I don’t deal with Istio daily but I observed it sucked up a vast number of hours. Mysterious cracks seem to lurk in its bowels but nobody has any idea precisely where because it’s such a complex beast. Beware.
“once it is working and deployed” is the caveat here. debugging issues with it at my last job was such a constant headache we nearly scrapped it for consul.
We tried Istio, but our Devops team (8 people) said they don't have the capacity to manage that complexity.
We're rolling with Linkerd ever since, still a joy
Contour is a gateway: a controller that manages Envoy proxies at the edge of a Kubernetes environment. Istio is a service mesh: a controller that manages Envoy proxies at the edge and alongside each workload. If you are using Istio, you probably don't need Contour.
A year ago, a number of Envoy gateway maintainers (including Contour) announced their intention to join up to build one implementation of an Envoy gateway. They haven't made a lot of noise since, but they are apparently up to v0.4.
Congrats on the graduation. My company has been using it for a long while through all its design iterations.
We still haven’t achieved an amazing distributed tracing strategy, we don’t use its MySQL or Redis interfaces, and haven’t rolled out more advanced features like smart retries. It’s hard to get momentum on that versus other must have work.
But for mTLS and authn and authz, it works great. Thanks for the hard work.
Reading between the lines, it sounds like the main problem is Google's tight control over the project. Apple contributes to the Swift implementation and MSFT drives the native .NET implementation, but there's little non-Google input in decision-making for Go, Java, C++ core, or any of the implementations that wrap core.
More subjectively, I'm impressed by the CNCF's willingness to stick to their stated graduation criteria. gRPC is widely used (even among other CNCF projects), and comes from the company that organized the CNCF - there must have been a lot of pressure to rubber-stamp the application.
100% this. GRPC has nearly all its code contributions by google. If google removed its funding the project would be at risk. It’s closer to a proprietary offering with source code available than a mature FOSS ecosystem. Think redhat enterprise Linux is to gRPC where-as istio/k8s is closer to Debian.
You acknowledge contributions from several large companies. It's obvious it won't go away if Google pulls support or anything. Perhaps the fact that some random folks across the internet don't feel compelled to submit patches is simply due to the low level nature of the project and that it does the job quite well and its scope is limited by its nature, thereby limiting the need for customization by every individual.
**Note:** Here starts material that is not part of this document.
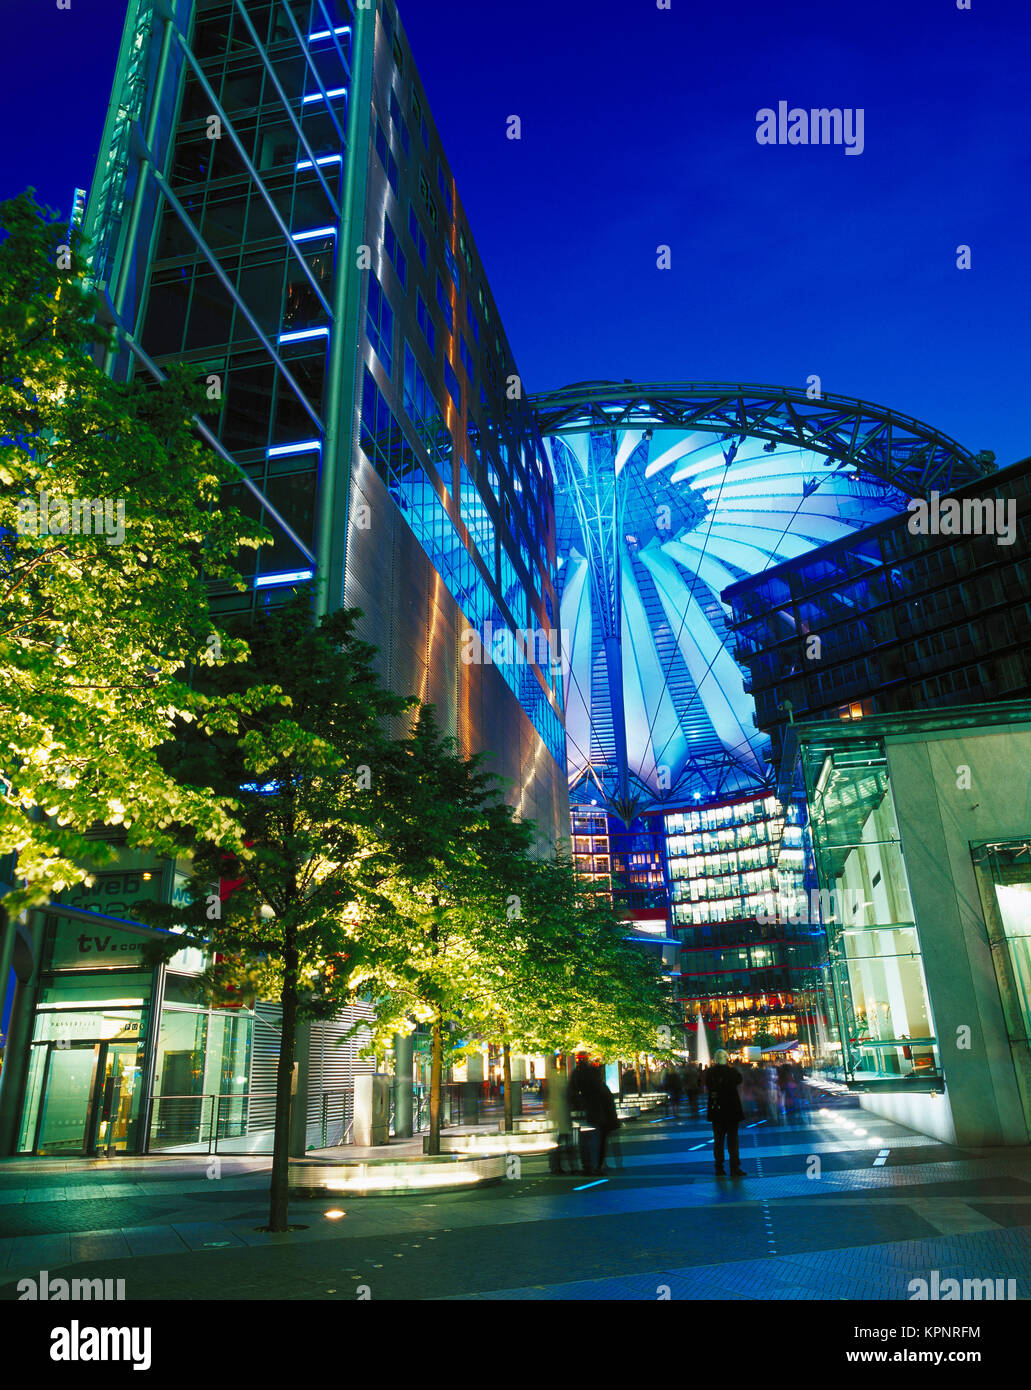 Sony Center, Potsdamer Platz, Berlin, Allemagne Photo Stock

I really wonder what the standard is. If I recall correctly, for instance a certain proxy graduated by CNCF was such crap at one point that it linear searched routes. That naturally necessitates contributions if you actually use such software in production at scale.
Why is there a need to read between the lines? The post seems quite clear what is needed and it sounds like the ball is just in gRPC court. If anything it seems promising that there was movement after 3.5 years.
It’s really hard to have any influence on it unless you’re inside the Google fence. Even for the primary maintainers of those two external parties that you mentioned.
IMHO that's accurate for grpc. The project works great if you're all golang on backend. As soon as you use other languages it gets complicated and the story falls apart--you almost certainly have to pull in tooling to manage protobuf generation, and proxying your grpc backend code to web frontend code (easy if your backend is golang, but many more options and questions if not). The fact grpc (and protobufs in general) need so much extra tooling is a bit of a code smell of immaturity and incubation IMHO.
Yes you need additional tooling but often, such as in C++ it's the nature of the build environments for that language. There are many organizations using gRPC in mission critical environments along with C++.
It's maintained by James Newton-King, so it's in the hands of .NET royalty :)
Unlike the other gRPC implementations, it's also taken seriously by MSFT's entire developer division. MSFT contributed a bunch of performance improvements to the protobuf runtime and generated code for .NET, the Kestrel webserver team runs gRPC benchmarks, and support for gRPC-Web is baked right into the core frameworks. From a user perspective, it's clear that someone cares about how all the pieces fit together.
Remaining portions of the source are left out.